You are sending a lot of messages to nil and that is why you are getting a 0 for the retain count.
Here I wrote down your code again with the new values for your variables when they change:
str1 and str2 are nil
self.str1=[[NSString alloc]init];
str1 is empty string
self.str1=self.str2;
str1 is nil
self.str2=[self.str1 retain];
self.str2=[[NSString alloc]init];
str2 is empty string
self.str2=self.str1;
str2 is nil
self.str1=[self.str2 retain];
self.str2=[self.str1 retain];
In the end both str1 and str2 are nil giving you a zero retain count.
But even if you didn't overwrite your new strings with nil every time you wouldn't get the expected result. Lets consider this:
self.str1 = [[NSString alloc] init]
self.str2 = [[NSString alloc] init]
If you look at their retain count you'll get 18446744073709551615 (on Mac OS X, 64 bit) for each. If you then look at the values of the pointers you'll see that they both are equal, so you got the same empty NSString object both times you called [[NSString alloc] init]
.
That actually makes sense. NSString objects are immutable, that means once they are created they cannot ever change. So there is no point in wasting memory on multiple identical copies of the empty string.
Some of those shared instances return the biggest possible value from their retainCount method to show the fact that they are singletons. But not all of them.
So the retain count of objects is not very useful. Some objects lie about it. And in real apps it still often is not what you'd expect. Sometimes the system holds on to objects for some time, even if you didn't retain it yourself.

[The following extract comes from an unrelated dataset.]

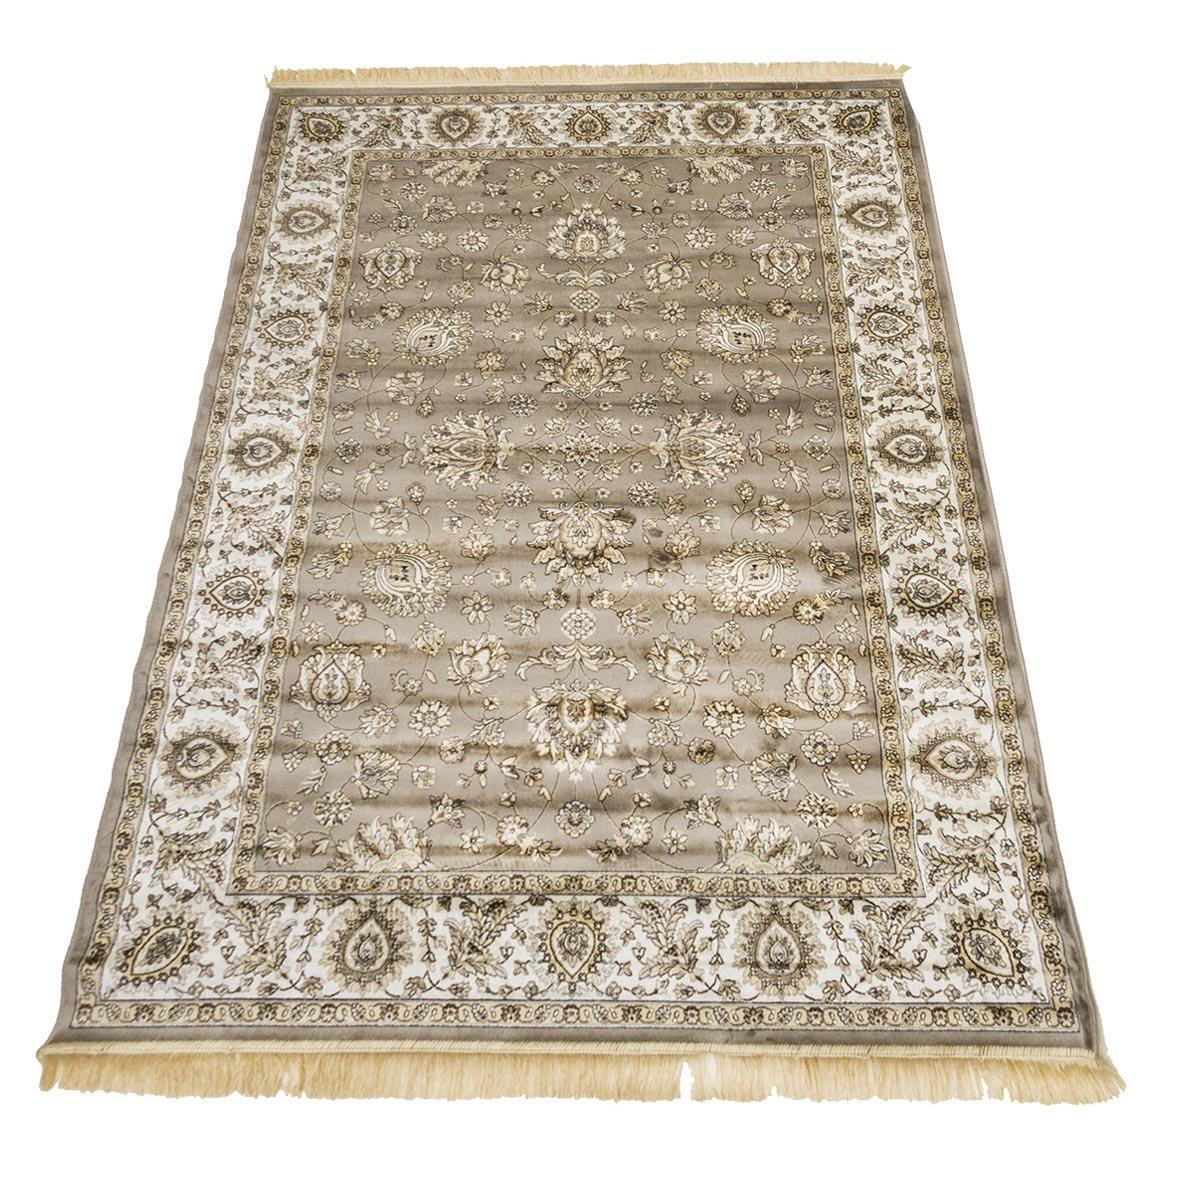 WEBTAPPETI Klassisch Teppich Orient Sarouk Top Preis Guenstig Teppich RUBINE 492-grau 160X230

But I guess you are trying to learn how the retain/release memory model works (which is necessary, even if you are using ARC). For this you can get away with querying the retain count. But then you should use the base class NSObject
directly, because it doesn’t do any special tricks with the retain counter. And you need to keep in mind that as soon as you pass your test objects to some system methods your retain count could be something unexpected later. Always keep in mind to never query the retain count in a real app - it is useless.